■ **Task objective**
None of the pictures should be copied, though every line of the listing must be printed exactly.

■ **Raw data**
┌────────
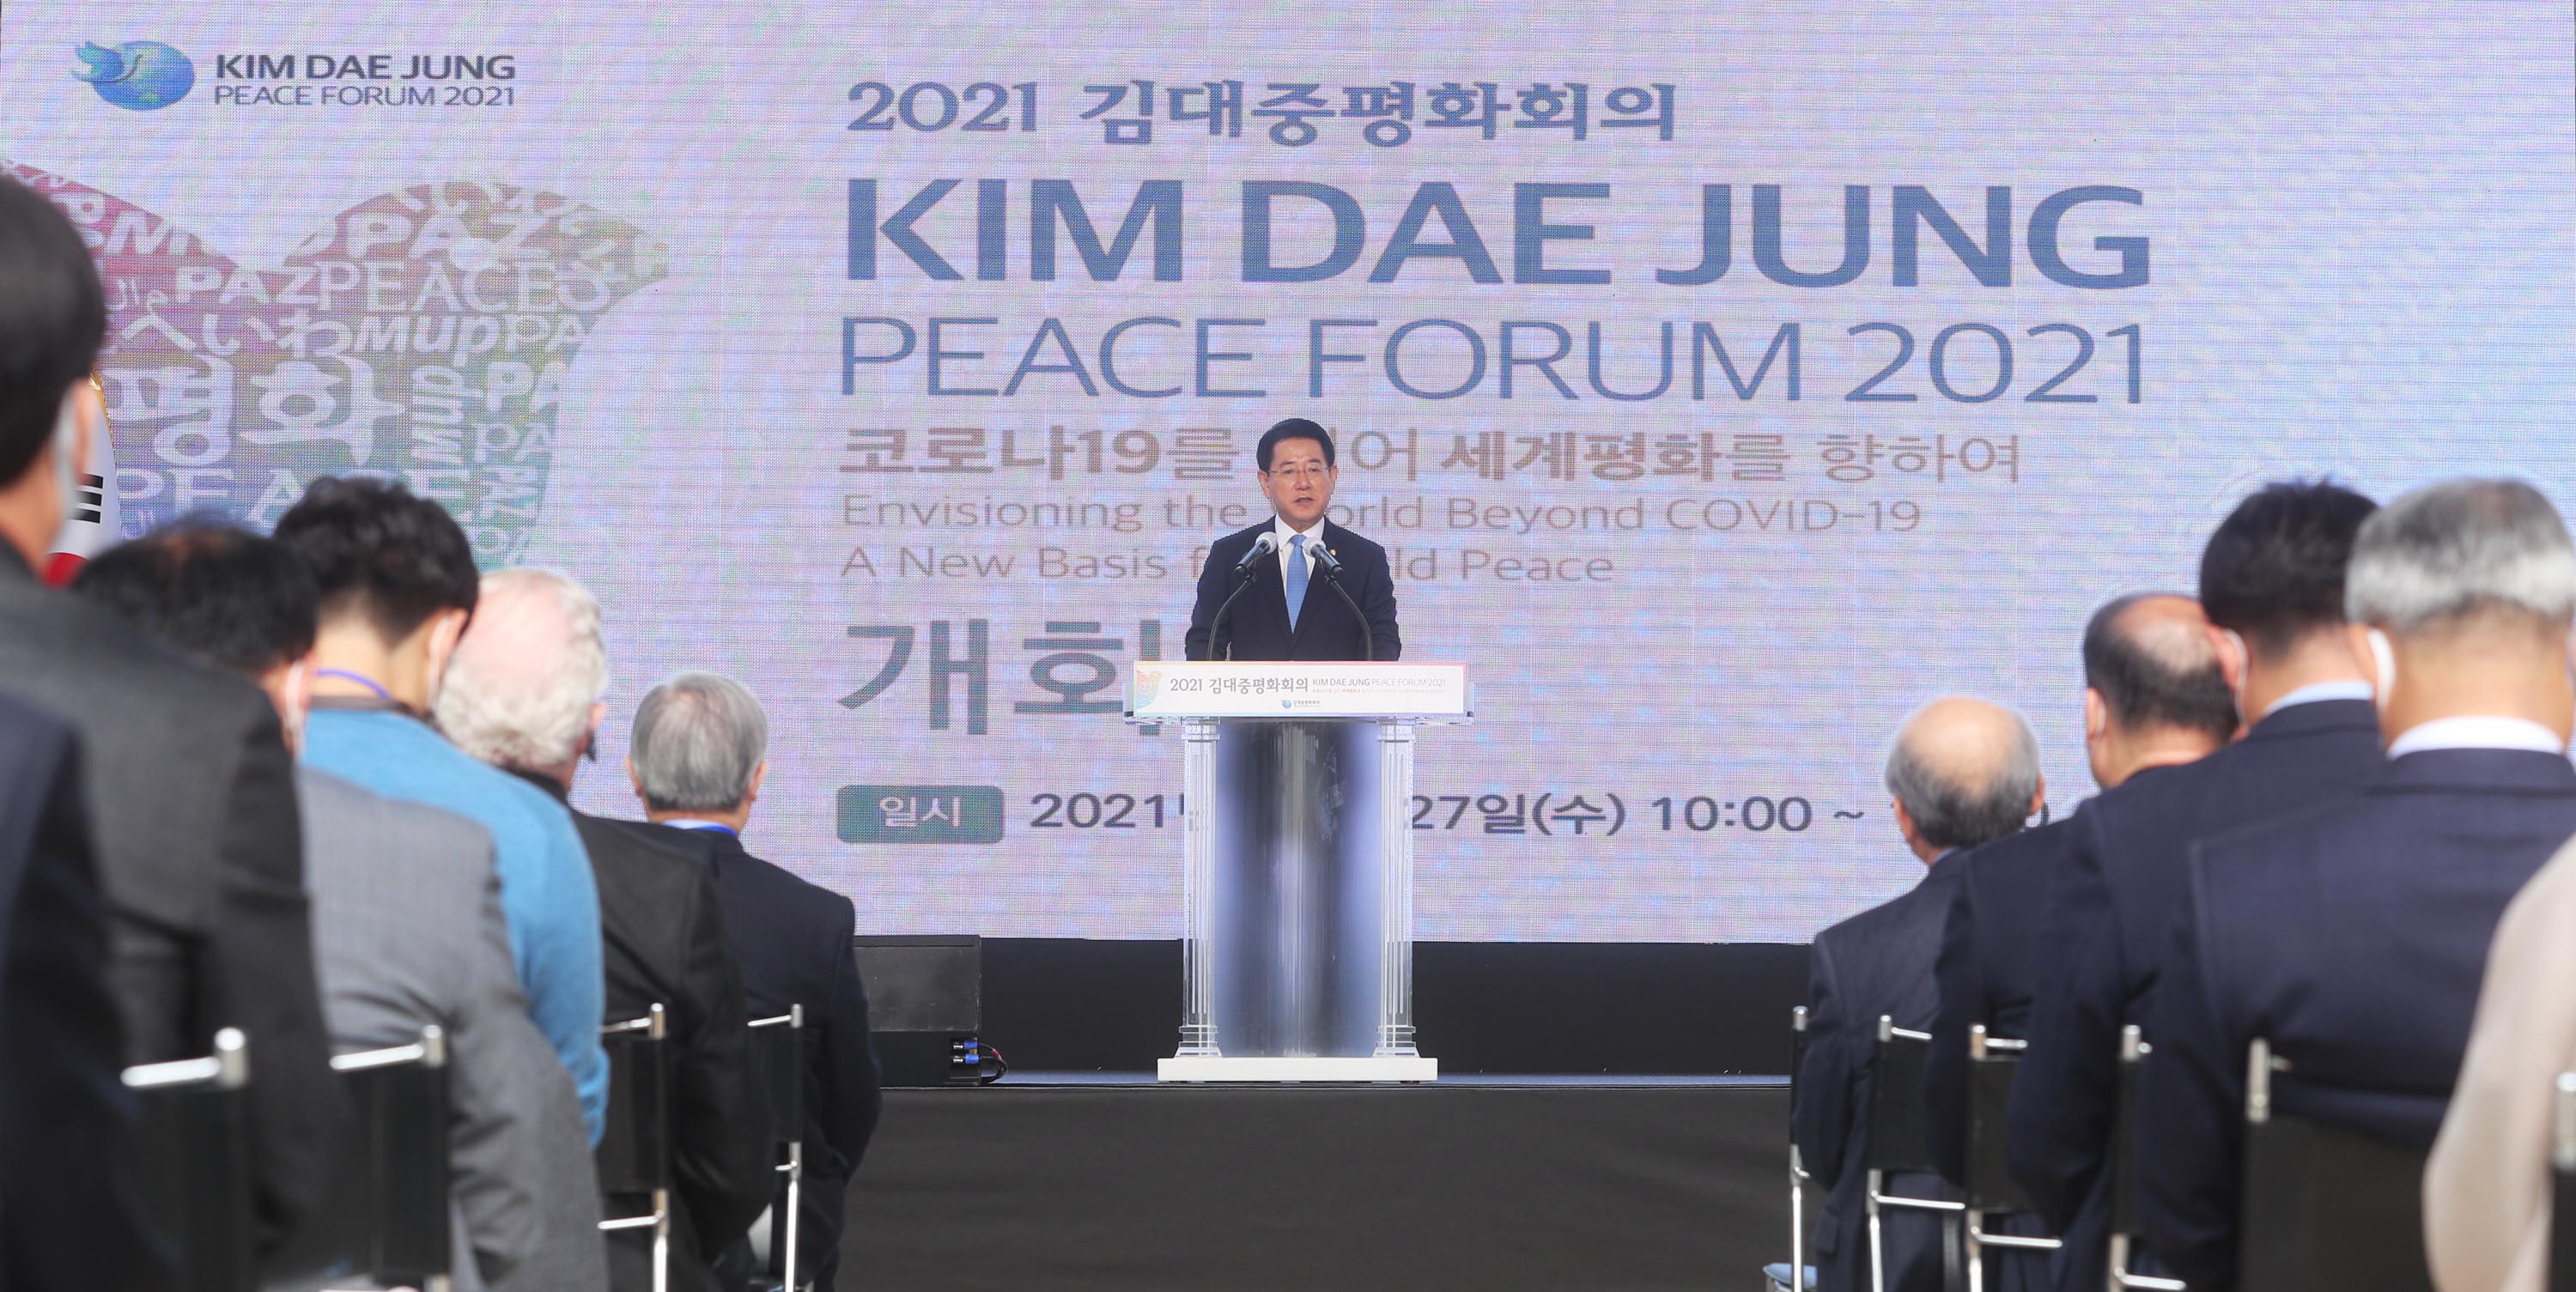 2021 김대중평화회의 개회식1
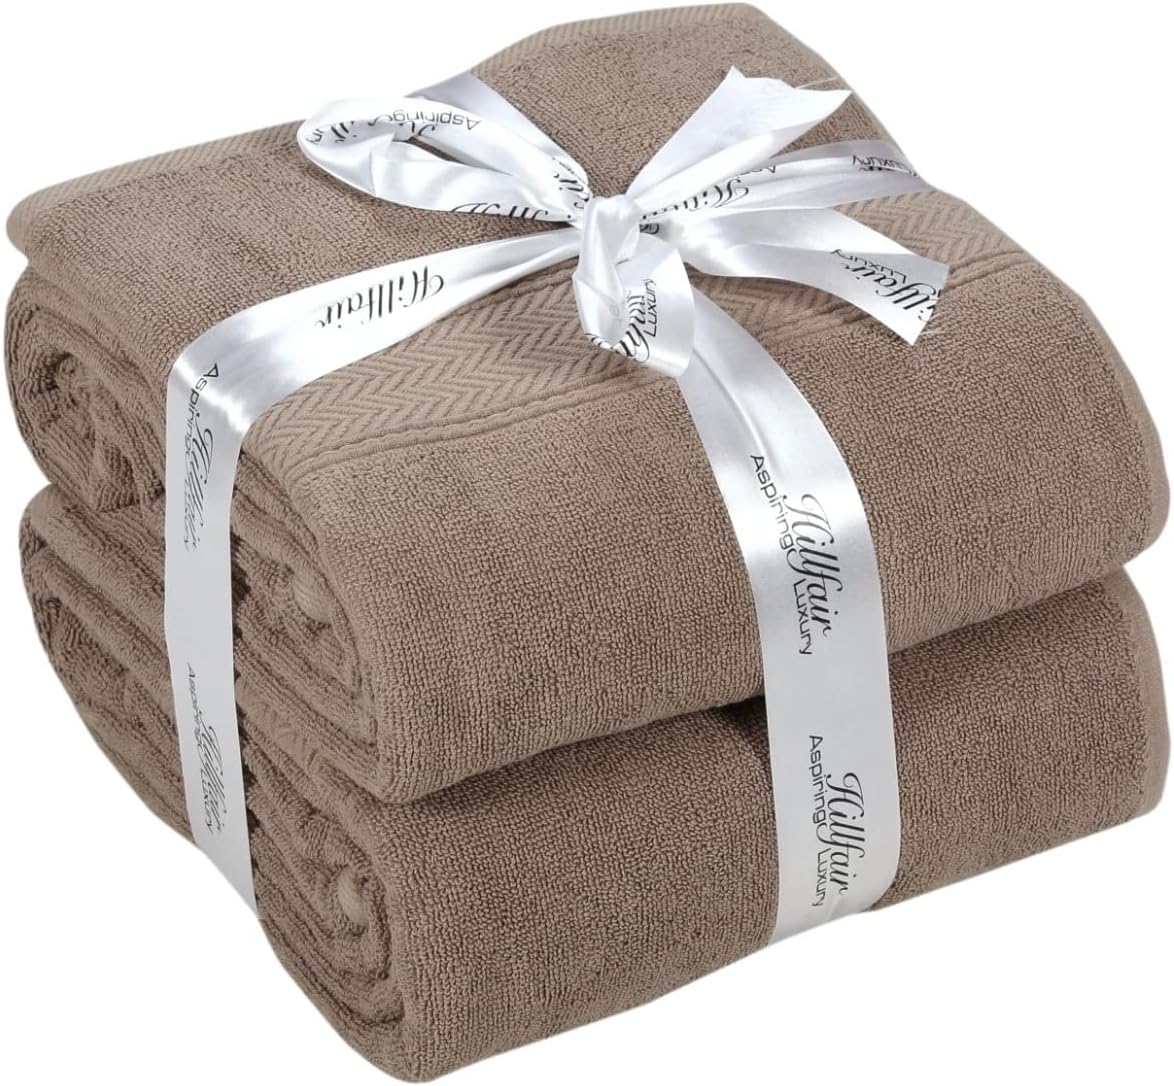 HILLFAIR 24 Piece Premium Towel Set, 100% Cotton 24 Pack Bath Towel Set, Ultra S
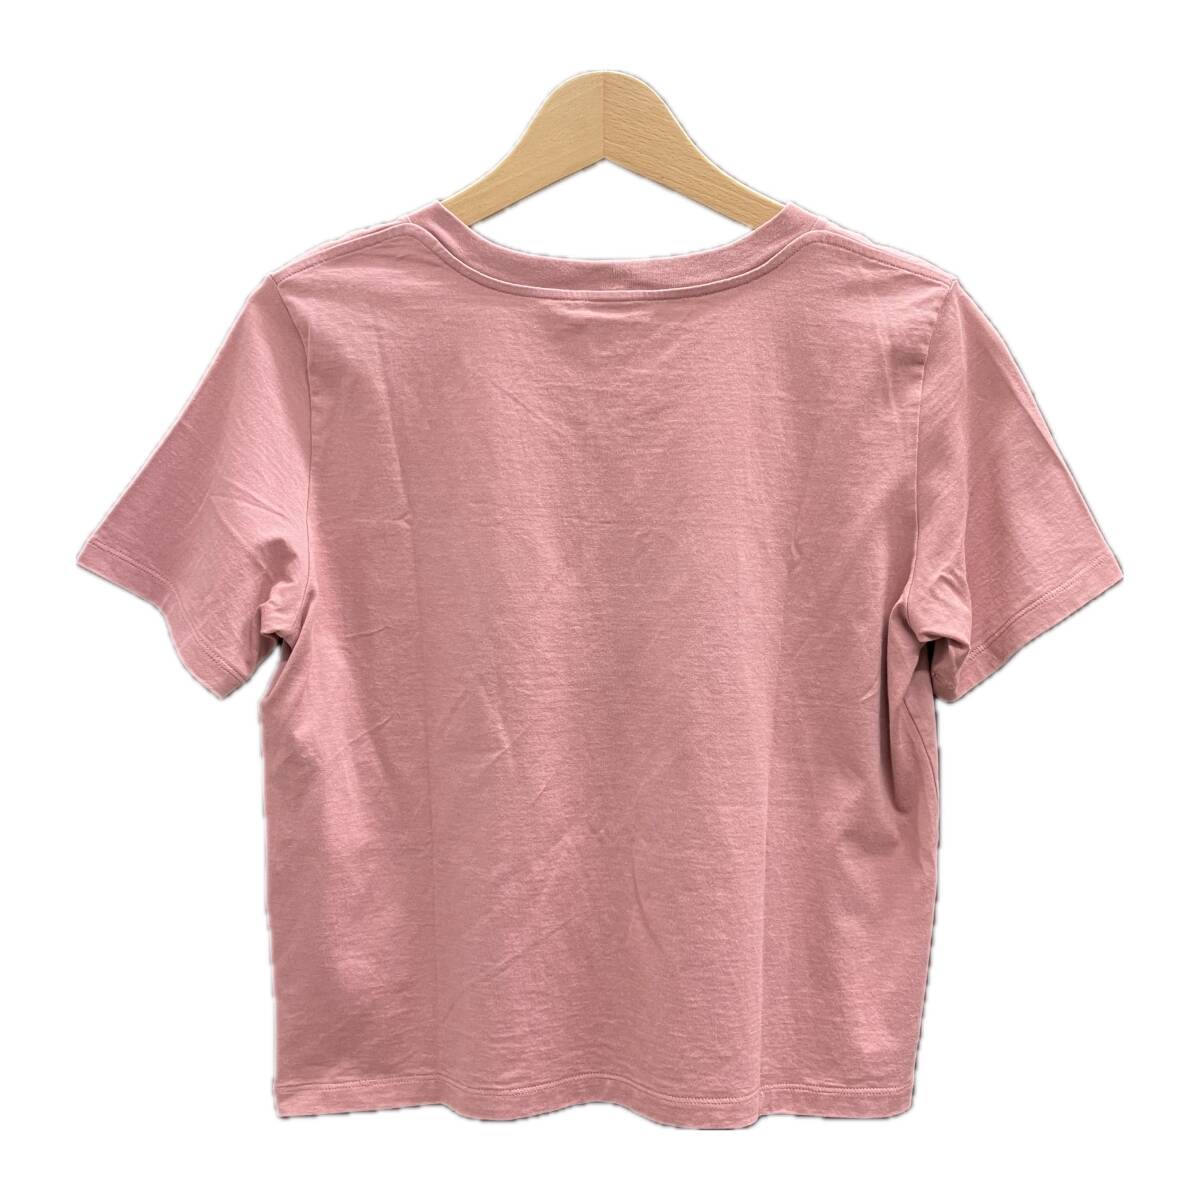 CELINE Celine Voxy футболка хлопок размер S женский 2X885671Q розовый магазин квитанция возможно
└────────
■ **Answer box**
 2021 김대중평화회의 개회식1
 HILLFAIR 24 Piece Premium Towel Set, 100% Cotton 24 Pack Bath Towel Set, Ultra S
 CELINE Celine Voxy футболка хлопок размер S женский 2X885671Q розовый магазин квитанция возможно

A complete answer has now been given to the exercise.